You already know that you should work out — that it's good for your brain and your body, your self-esteem and your sex life, that it can calm your nerves and even reverse disease.

Countless studies have shown the remarkable reach of fitness. And now, researchers are learning that the benefits of exercise may apply to a developing fetus. Earlier this month, two studies presented at the annual meeting of the Society for Neuroscience suggested that those who exercise during pregnancy could be giving their unborn child a neurological advantage.

[Read: Prenatal Vitamins: the Building Blocks of Nutrition.]

One study followed a group of 18 pregnant women, starting in their first trimester, assigning eight to a sedentary group and 10 to an active one, in which they were asked to exercise at least 20 minutes a day, three times a week. Eight to 12 days after the women gave birth, researchers fitted the newborns with electrodes that measure brain activity in response to various sounds — an established test for memory, says Dave Ellemberg, a neuroscientist at the University of Montreal and one of the study's authors.
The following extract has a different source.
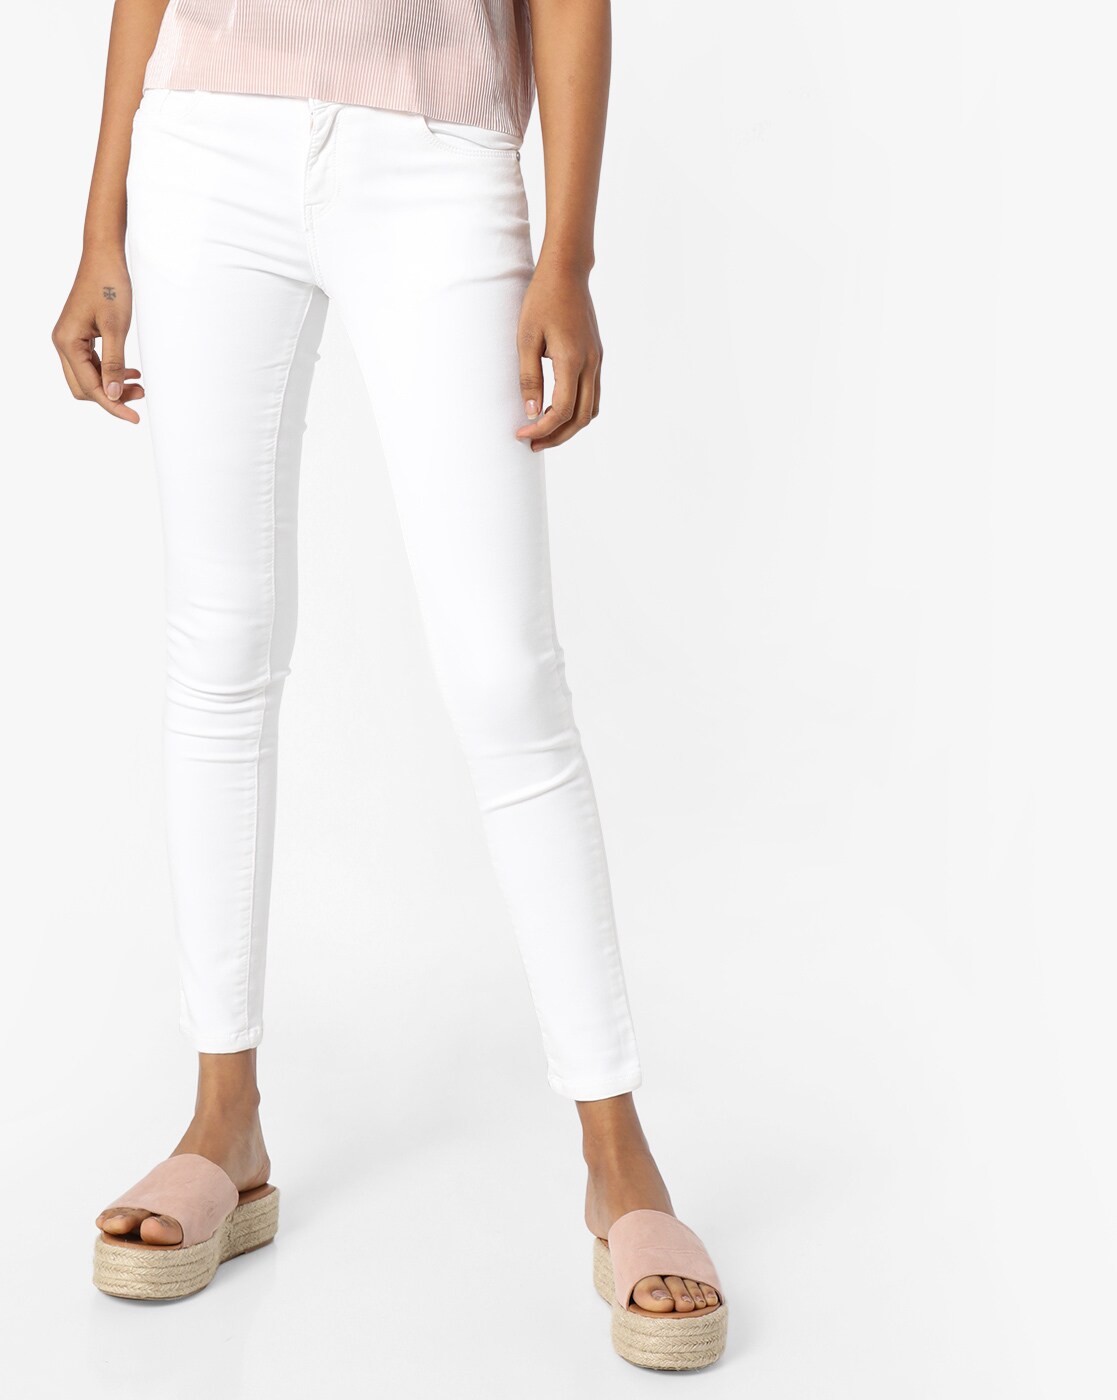 kraus white jeans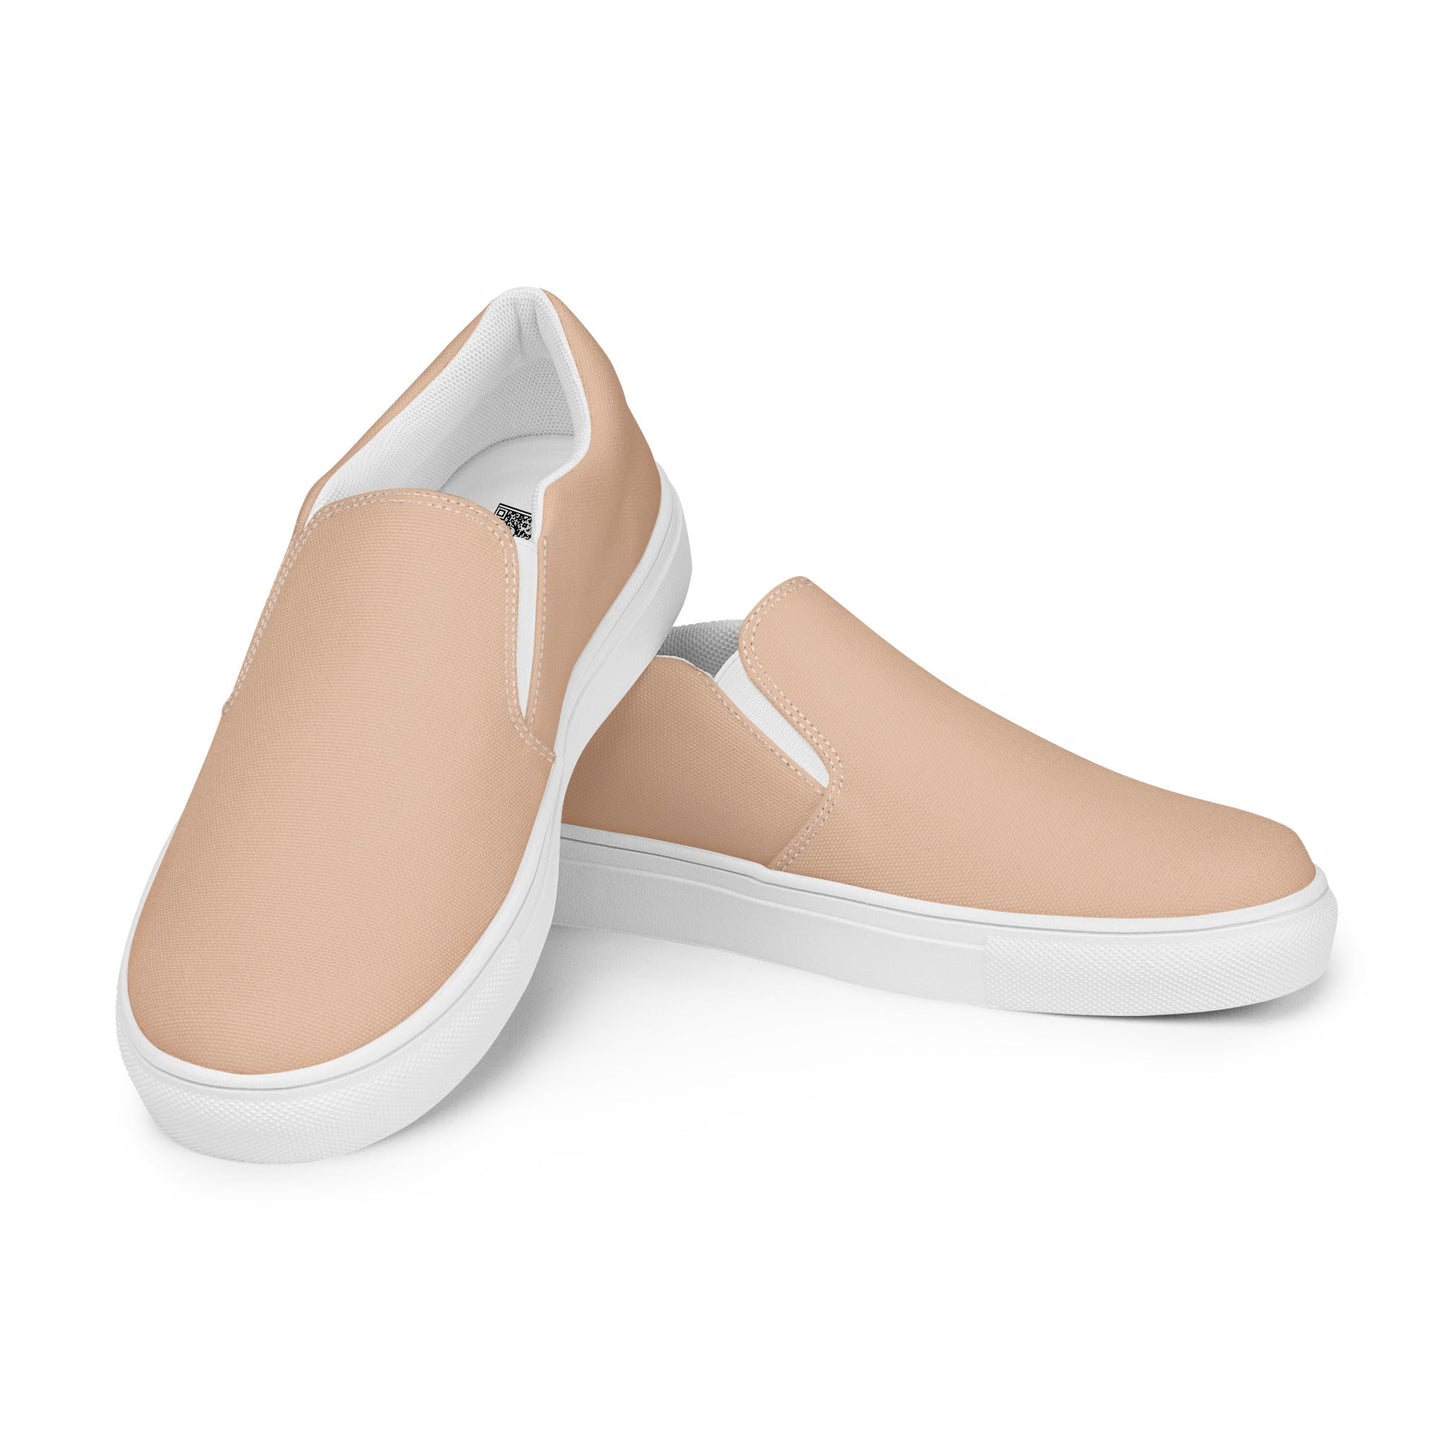 klasneakers Men’s slip-on canvas shoes - Orange Cream

Indeed, the newborns of active moms showed "more mature, more effective brain patterns," he says.

"What we found out is that there's this amazing transfer from what the mother does onto her child," he says, adding that moms-to-be can give their kids "a kickstart even before they're born." The team plans to follow up with the children when they're 4 to 6 months old to see how development progresses.

Another study, which used rats, found that the male offspring of rats that exercised during pregnancy had better object recognition as adults. This showed the potential of exercise to leave "long-lasting effects on the behavior and the cognitive function of the offspring," says David Bucci, an author of the study and professor of psychological and brain science at Dartmouth University. (Bucci was so surprised by the results that he had them triple-checked by the graduate student running the study.)

[Read: Best Foods to Eat During Pregnancy.]

There is still more research to do, but these studies may help to refute the popular and mistaken belief that when it comes to exercise, pregnant women should exercise extreme caution.

"There's been a legacy forever of pregnant people being somehow equated with eggs, that their shell is very fragile" and thus, "the baby is easily broken," says Roger Harms, associate professor of obstetrics and gynecology at Mayo Medical School and editor of the "Mayo Clinic Guide to a Healthy Pregnancy."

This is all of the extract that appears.